> [TASK GOAL]: Would you repeat the listing below exactly, with no pictures in it?

> [DATA]:
[Start of section]
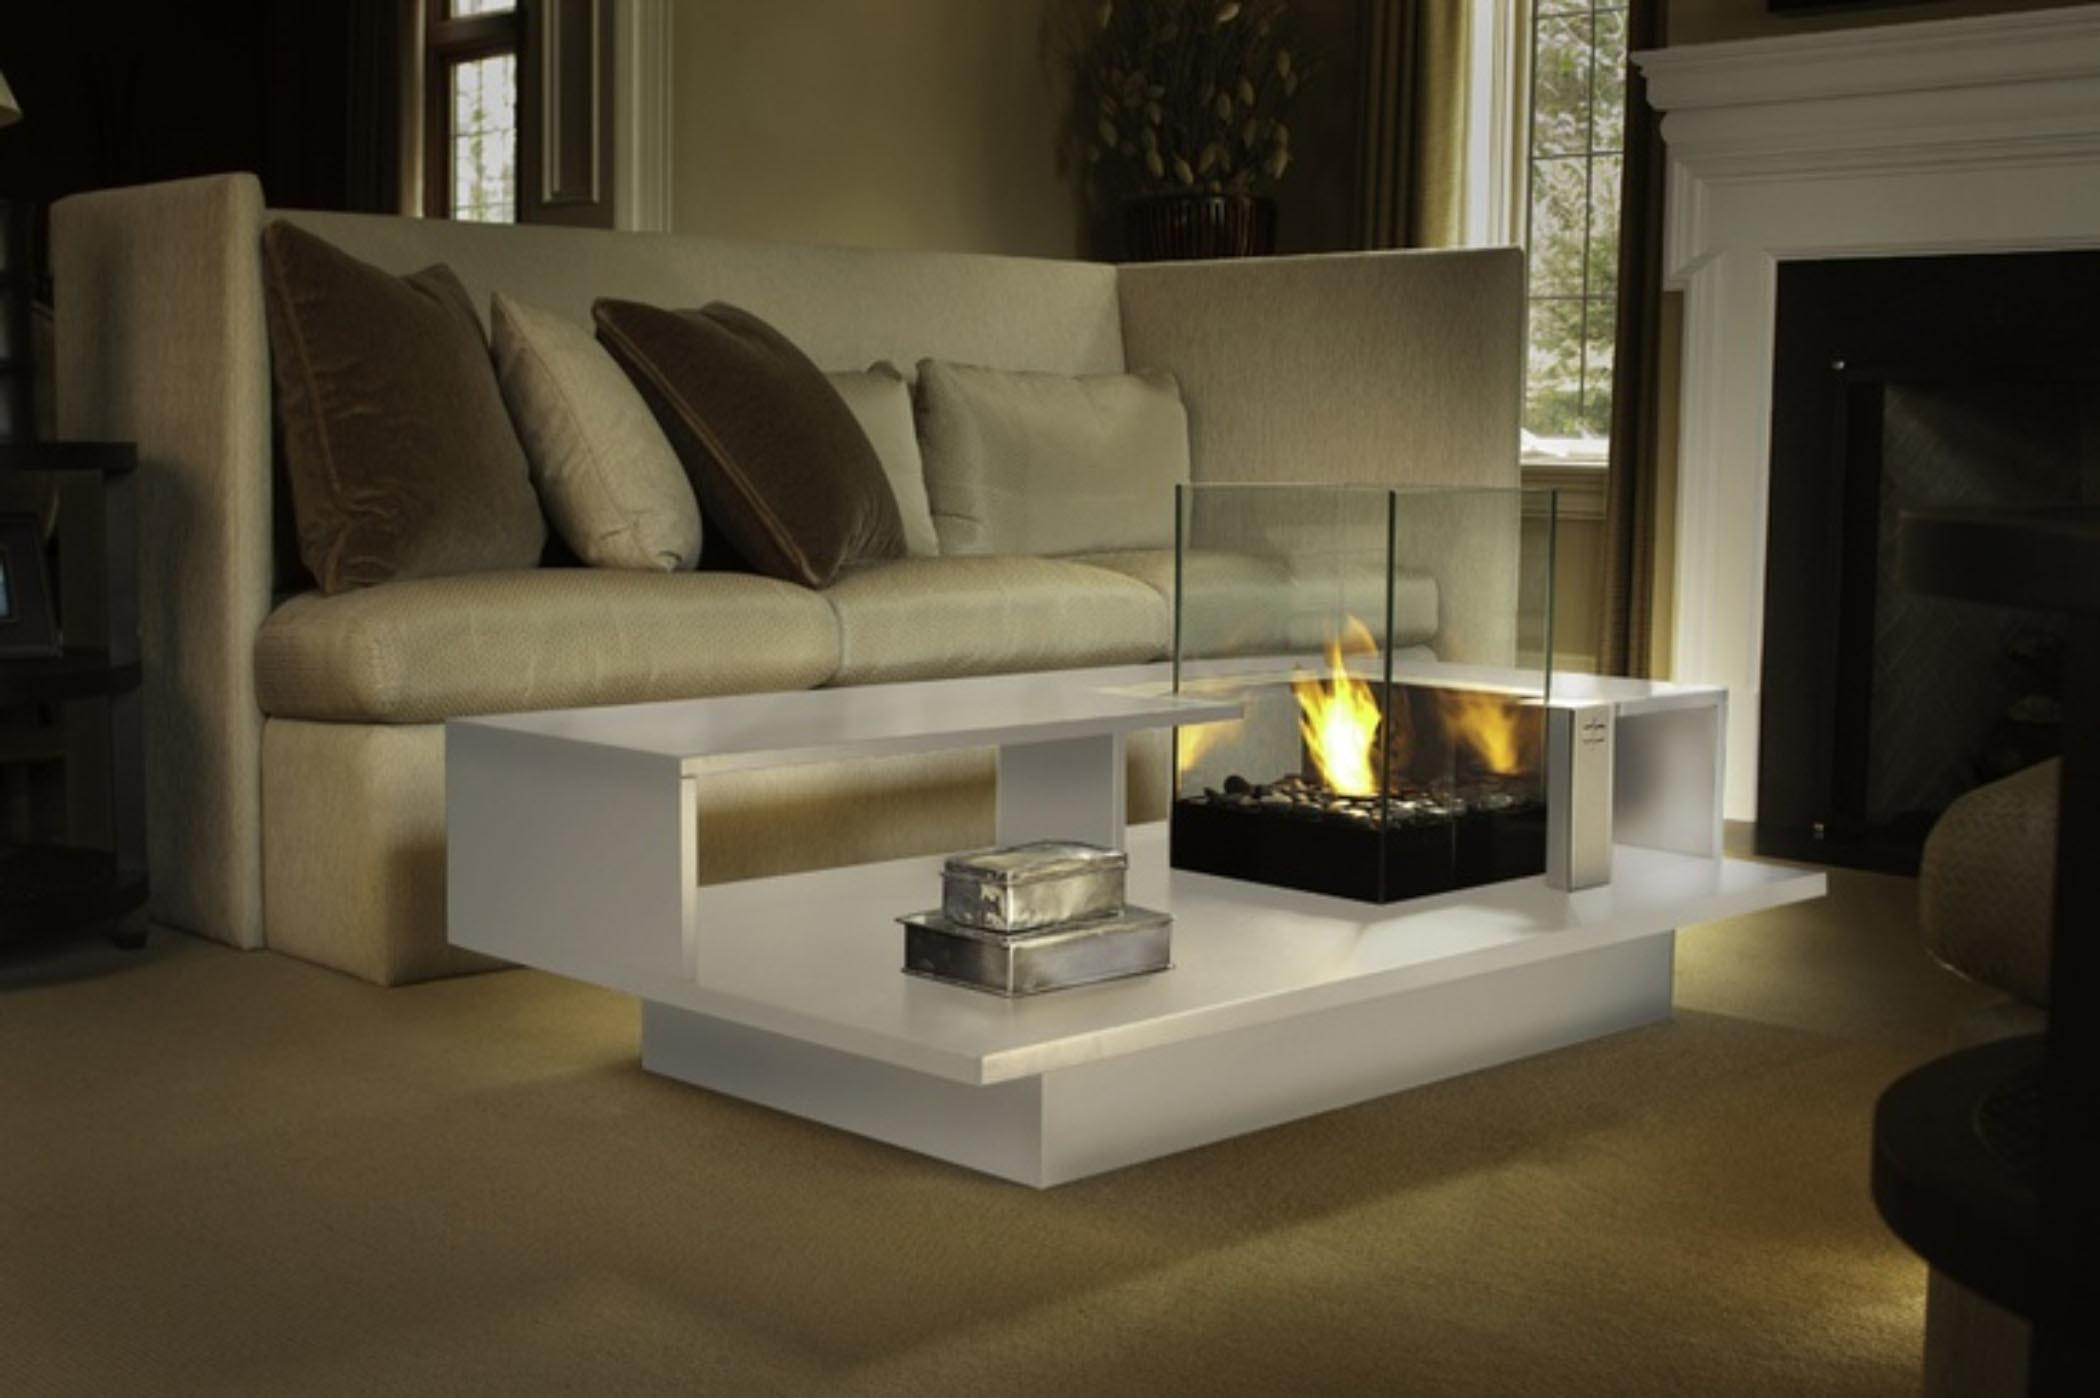 Indoor Fire Pit Coffee Table
 Fire Pit Design Ideas
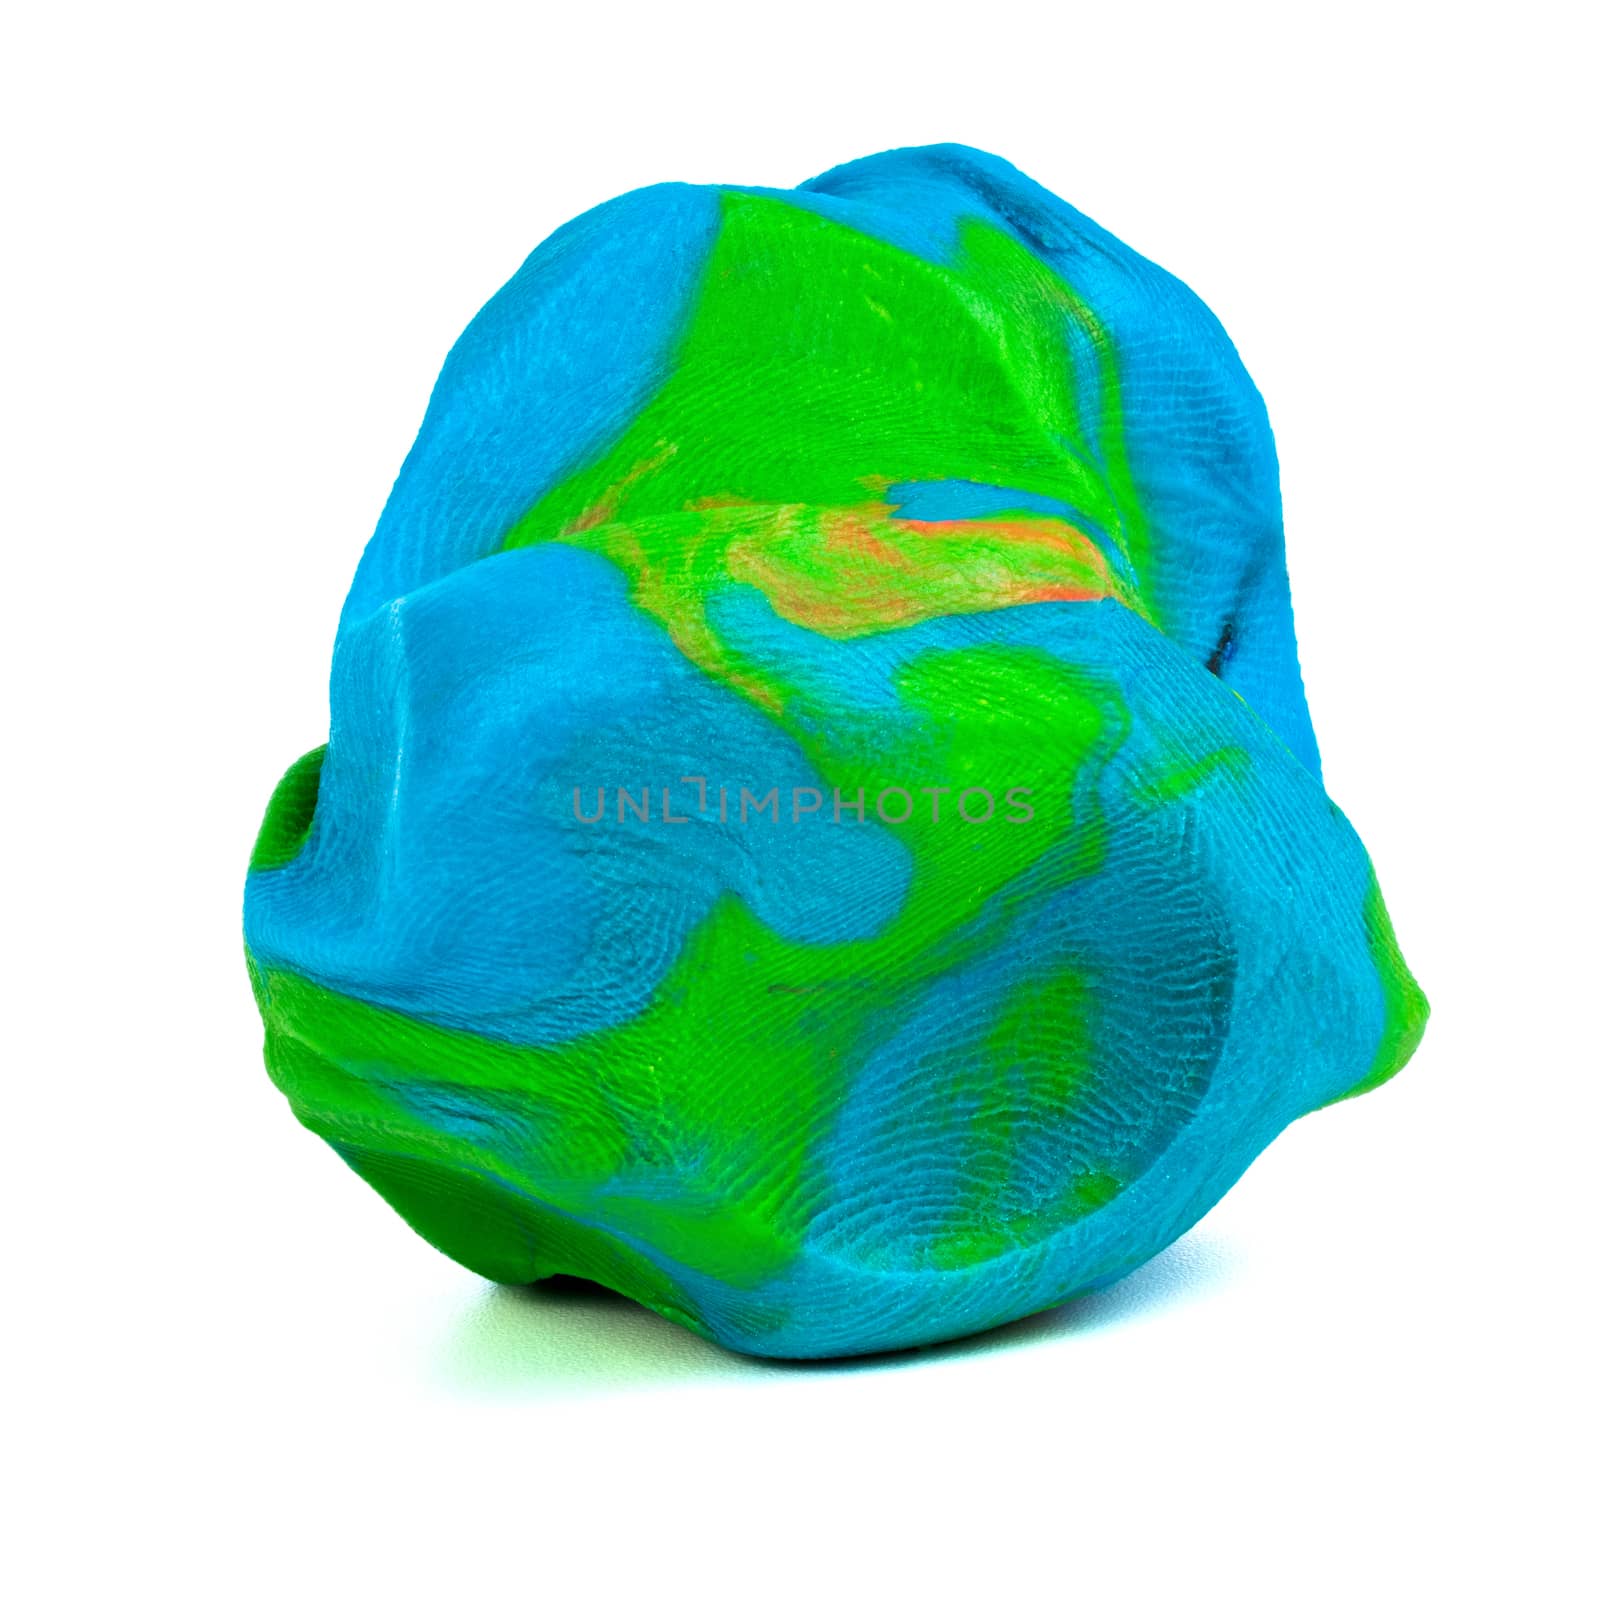 Mixed blue-green-red playdough ball with distinct fingerprints isolated on the white background by z1b
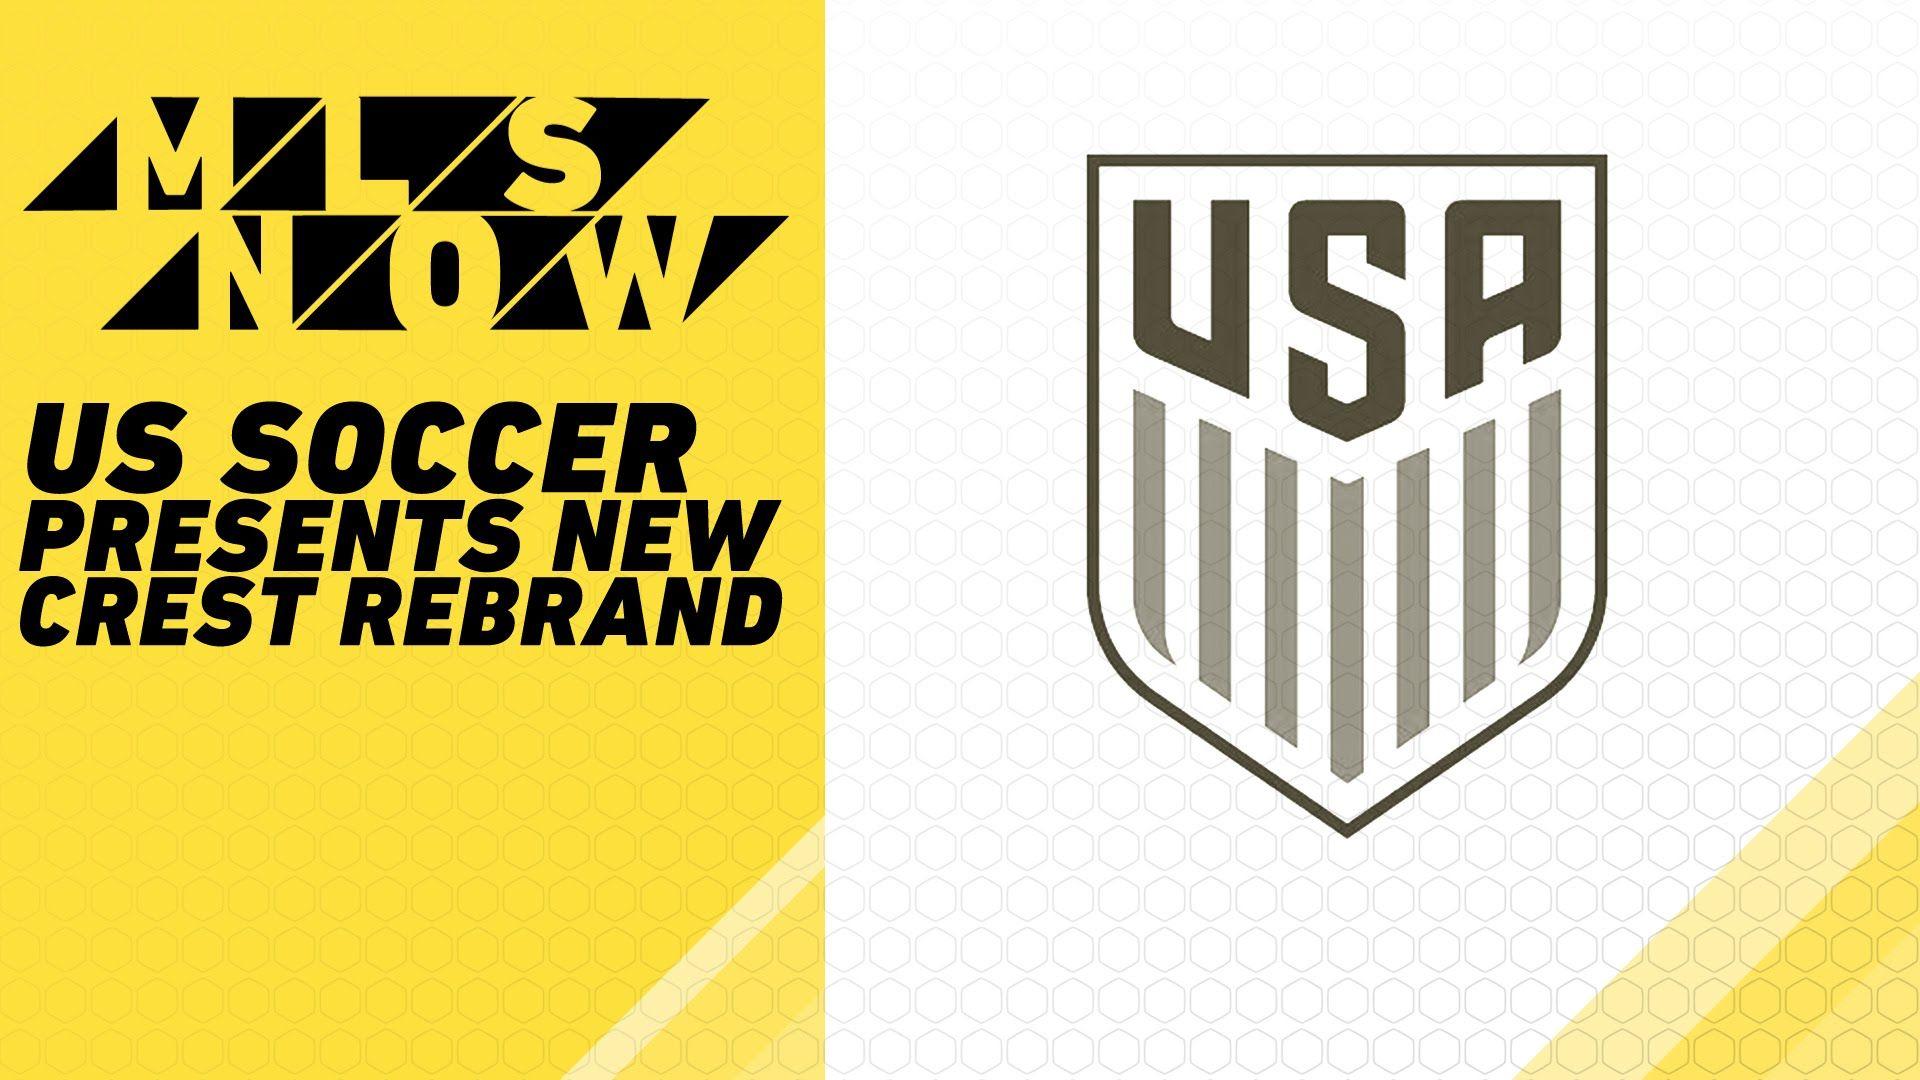 Is the new US Soccer crest an improvement?
[End of section]
> [PROBLEM SOLUTION]:
 Indoor Fire Pit Coffee Table
 Fire Pit Design Ideas
 Mixed blue-green-red playdough ball with distinct fingerprints isolated on the white background by z1b
 Is the new US Soccer crest an improvement?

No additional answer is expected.